我将采用最终代码(使用 struct 进行计算的代码)并对其进行处理。

我们有两个只有一行的方法(方法是 GetWords 和 Count),我将摆脱它们并用方法体替换调用:

struct LexicalInfo
{
    private int wordCount;
    private int uniqueWordCount;

    public LexicalInfo(string text)
    {
        var words = text.Split(new char[] {' '}, StringSplitOptions.RemoveEmptyEntries);
        wordCount = words.Length;
        uniqueWordCount = UniqueCount(words);
    }

    private int UniqueCount(string[] words)
{
    var foundWords = new List<string>();
    foreach (var word in words)
    {
        string word = word.ToLower();
        if (!foundWords.Contains(word))
        {
            foundWords.Add(word);
        }
    }
    return foundWords.Length;
}

    public int WordCount
    {
        get
        {
            return wordCount;
        }
    }

    public int UniqueWordCount
    {
        get
        {
            return uniqueWordCount;
        }
    }

    public double LexicalDensity
    {
        get
        {
            return ((double)uniqueWordCount / (double)wordCount);
        }
    }
}

//----

    private UpdateLabels(string fbStatus)
{
    var info = new LexicalInfo(words);
    label_totalwordcount = info.WordCount.ToString();
    label_totaluniquewords.Text = info.UniqueWordCount.ToString();
    label_lexicaldensity = (info.LexicalDensity * 100).ToString() + "%";
}

6. 林克?

如果我们可以使用 Linq,我们可以将 UniqueCount 替换为一行:

struct LexicalInfo
{
    private int wordCount;
    private int uniqueWordCount;

    public LexicalInfo(string text)
    {
        var words = text.Split(new char[] {' '}, StringSplitOptions.RemoveEmptyEntries);
        wordCount = words.Length;
        uniqueWordCount = words.Distinct().Count();
    }

    public int WordCount
    {
        get
        {
            return wordCount;
        }
    }

    public int UniqueWordCount
    {
        get
        {
            return uniqueWordCount;
        }
    }

    public double LexicalDensity
    {
        get
        {
            return ((double)uniqueWordCount / (double)wordCount);
        }
    }
}

//----

private UpdateLabels(string fbStatus)
{
    var info = new LexicalInfo(fbStatus);
    label_totalwordcount = info.WordCount.ToString();
    label_totaluniquewords.Text = info.UniqueWordCount.ToString();
    label_lexicaldensity = (info.LexicalDensity * 100).ToString() + "%";
}

7. 测试和修复

我已使用以下文本进行测试:

ESTE ES UN TEXTO QUE HE ESCRITO EN ESPAÑOL。

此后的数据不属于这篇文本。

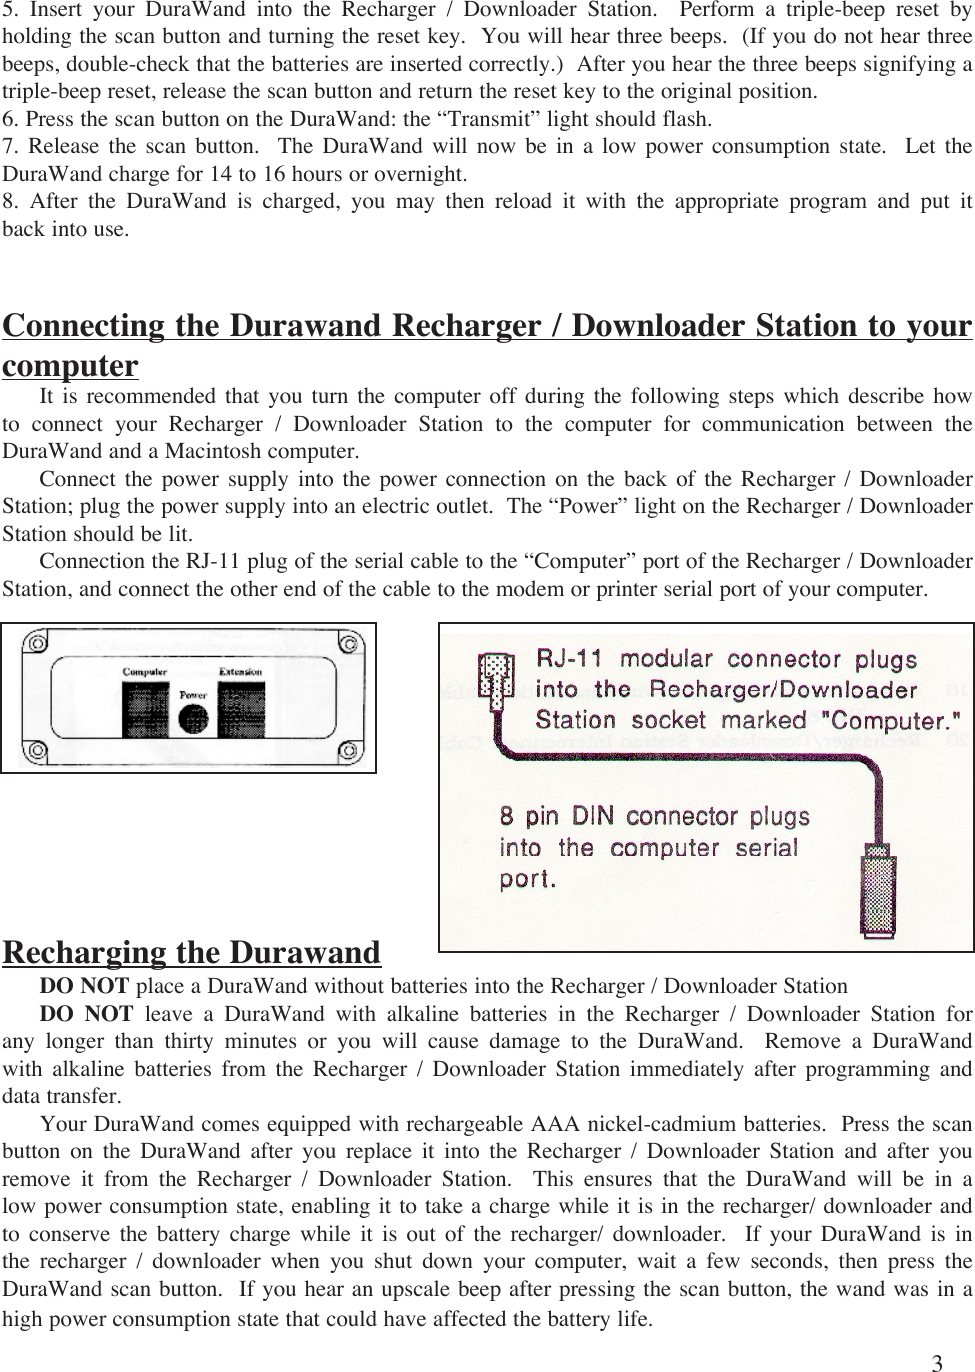 Page 4 of 8 - Keyspan Keyspan-Alexadria-Durawand-Portable-Scanner-Users-Manual--2  Keyspan-alexadria-durawand-portable-scanner-users-manual

ESTE TEXTO FUE ESCRITO PARA DEMOSTRACIÓN。ESTE TEXTO REPITE ALGUNAS DE SUS PALABRAS Y ALGUNAS OTRAS NO.

La salida fue:

WordCount = 28
UniqueWordCount = 21
LexicalDensity = 75%

然而,检查代码发现我们将标点符号作为单词的一部分进行计数(即,由于标点符号,代码将ESPAÑOLESPAÑOL.视为两个不同的单词)。

您可以使用正则表达式进行快速修复,以便将 LexicalInfo 的构造函数替换为:

    public LexicalInfo(string text)
    {
        var words = from match in (new Regex(@"\w+")).Matches(text).Cast<Match>() select match.Value;
        wordCount = words.Count();
        uniqueWordCount = words.Distinct().Count();
        Console.WriteLine(words.Distinct().ToArray());
    }

更改后的输出为:

WordCount = 28
UniqueWordCount = 20
LexicalDensity = 71.4285714285714%

您可能想要格式化 LexicalDensity,例如更改以下行:

     label_lexicaldensity = (info.LexicalDensity * 100).ToString() + "%";

对此:

    label_lexicaldensity = string.Format("{0:P2}", info.LexicalDensity);

会产生这个:

WordCount = 28
UniqueWordCount = 20
LexicalDensity = 71.43 %

注意:使用 string.Format 受其执行的文化影响。如果您不想更改文化,您可以指定一个,例如 InvariantCulture:

    label_lexicaldensity = string.Format("{0:P2}", info.LexicalDensity, CultureInfo.InvariantCulture);

使用另一个测试文本,我发现我已经失去了检测大写字母的能力。文字是

Este es otro texto escrito en español, el objetivo de este texto es probar las mayúsculas al repetir texto。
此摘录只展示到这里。